1. Every network call needs a timeout. No timeout = unbounded resource consumption. Base timeouts on p99 latency, not median.

2. Retries must be safe. Exponential backoff + jitter prevents thundering herds. Retry budgets cap amplification. Idempotency is required.

3. Circuit breakers handle persistent failures. Stop hammering a dead service. Give it breathing room. Probe to detect recovery.

4. Load shedding saves the majority. It is better to serve 80% of requests well than 100% of requests poorly. Shed early, shed fast.

5. Rate limiting protects fairness. Token bucket allows bursts. Leaky bucket smooths. Sliding window is simple. Pick based on your traffic pattern.

6. Bulkheads contain blast radius within a service. Isolate resource pools per dependency. One slow dependency should not starve others.

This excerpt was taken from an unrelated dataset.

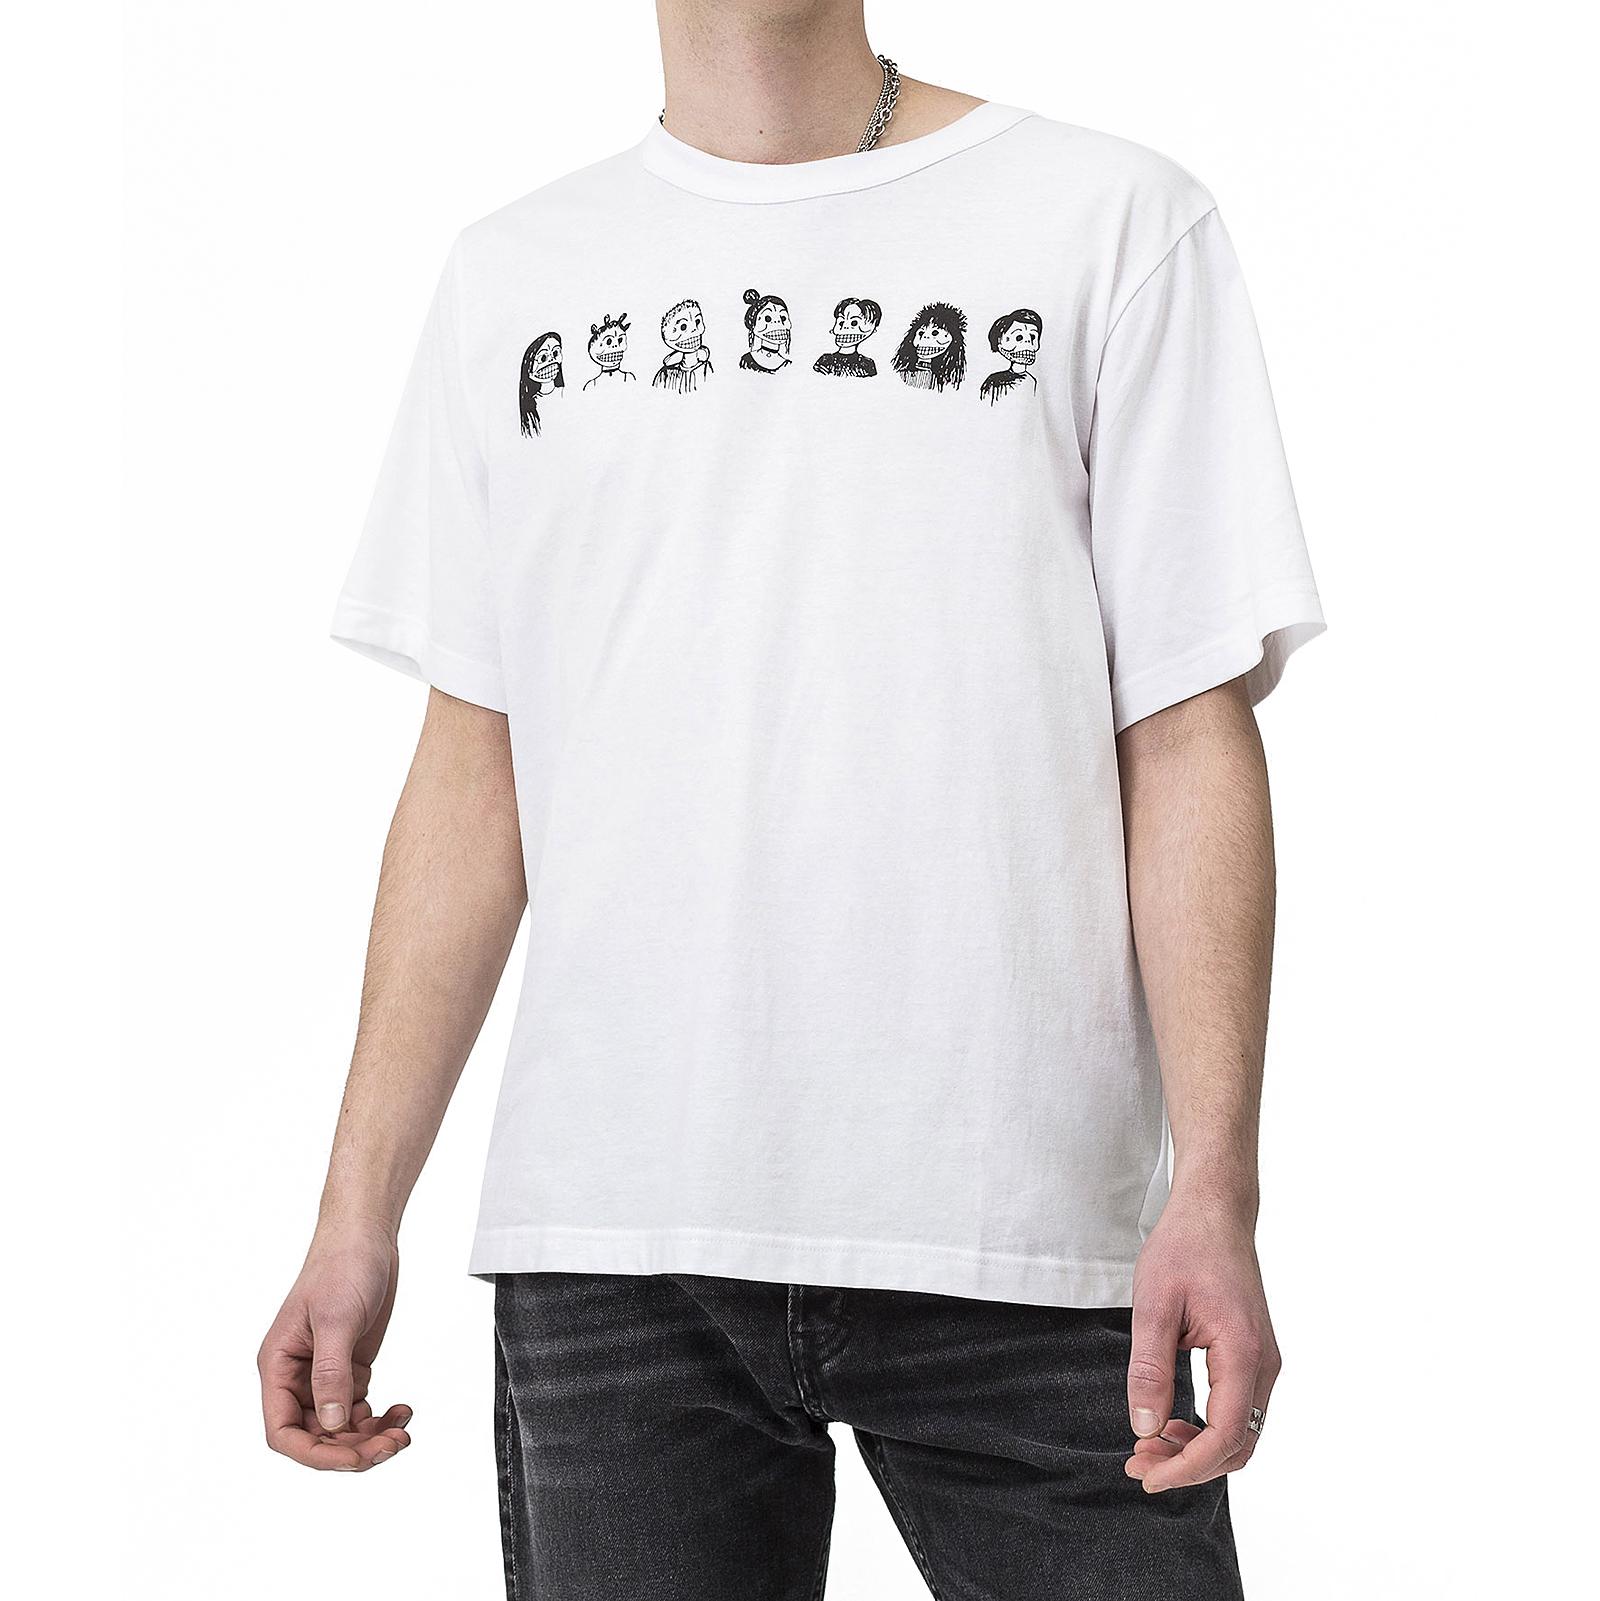 601944e299dcb Cheap Monday T-Shirt Boxer College White White Tee Squad ngtrke1816 ...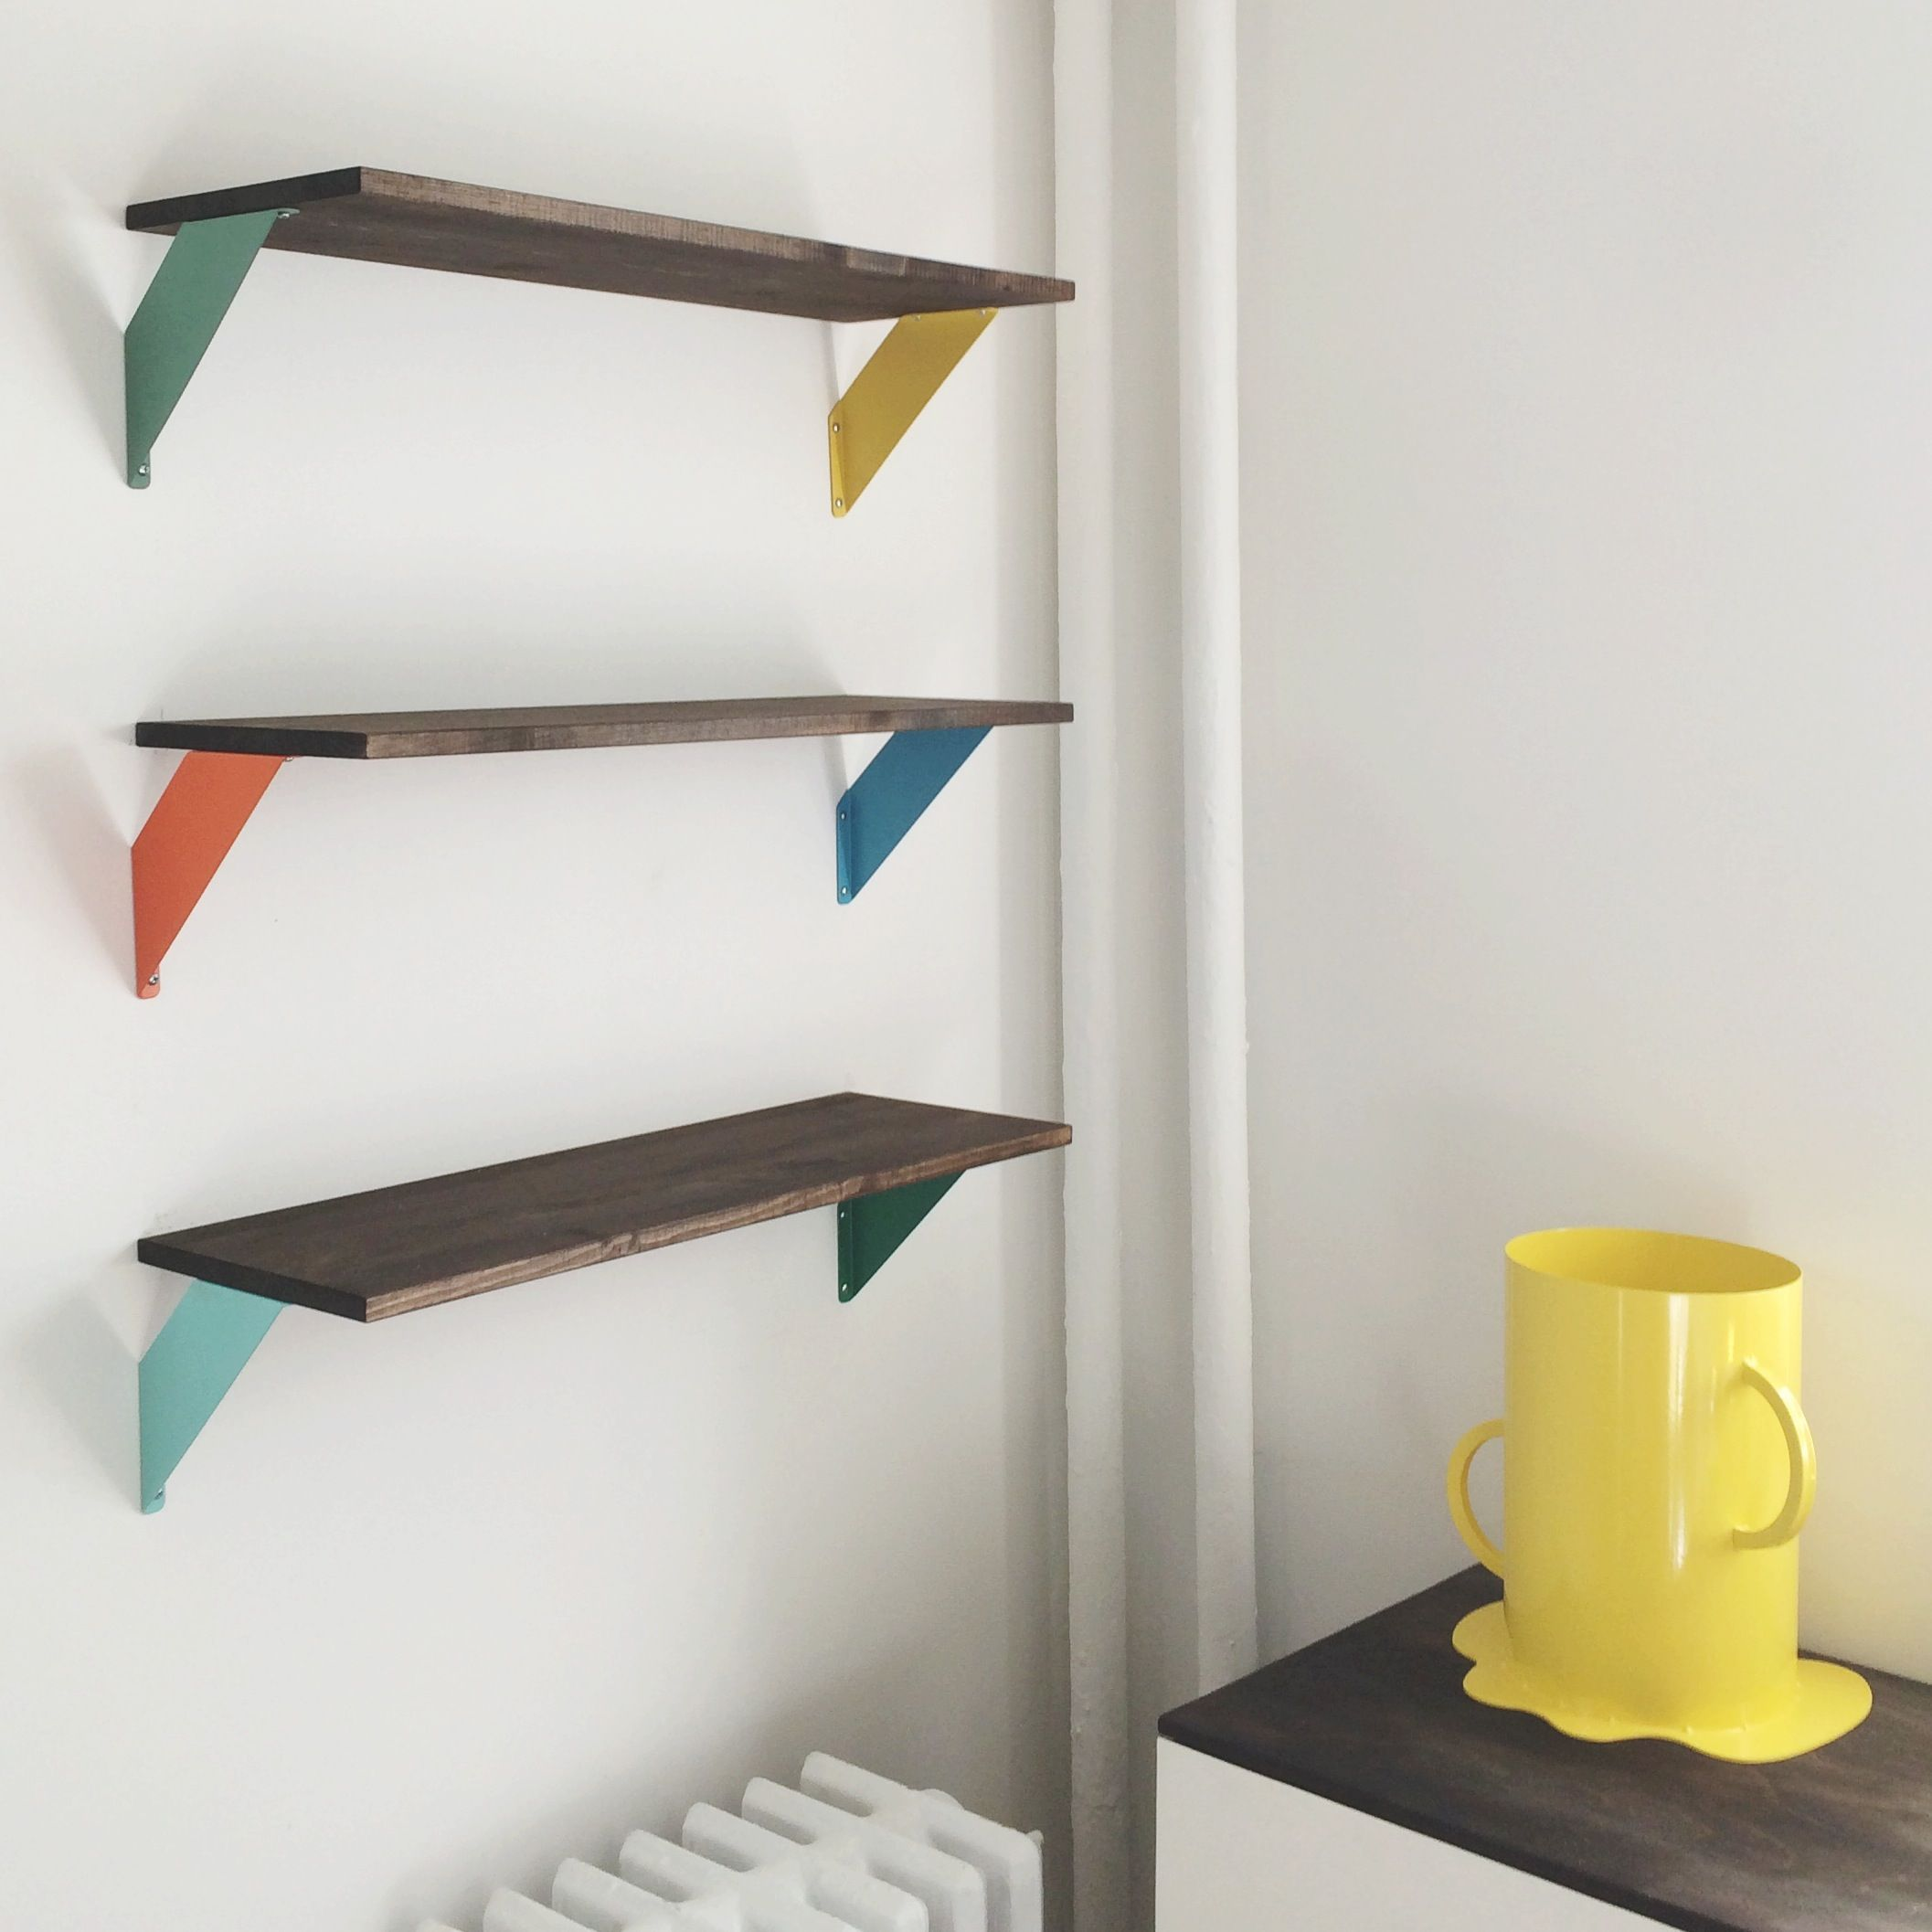 IKEA shelves spray paint stain △ Home Sick △

7. Constant work prevents bimodal spikes. Do the same work always, not more work during crises. Provision for the constant, not the spike.

"The best way to survive a failure is to have already decided what you're going to do about it." — Nora Jones, Jeli co-founder

Final quiz: Your service chain is: User → Gateway → OrderService → PaymentService. PaymentService is down. Without any resiliency patterns, what happens? With all patterns enabled (timeouts, retries, circuit breaker, load shedding), what happens?

Without patterns, only PaymentService is affected. With patterns, the same thing but faster. Without patterns, all services fail. With patterns, all services recover automatically. Without patterns: OrderService threads fill up waiting for Payment (no timeout), Gateway threads fill up waiting for Order, users see total outage (cascading failure). With patterns: timeouts free threads quickly, retries catch transient issues, circuit breaker trips after threshold (fast-failing payment requests), load shedding on Gateway protects capacity. Result: payment-related requests fail fast with clear errors, but non-payment features remain operational.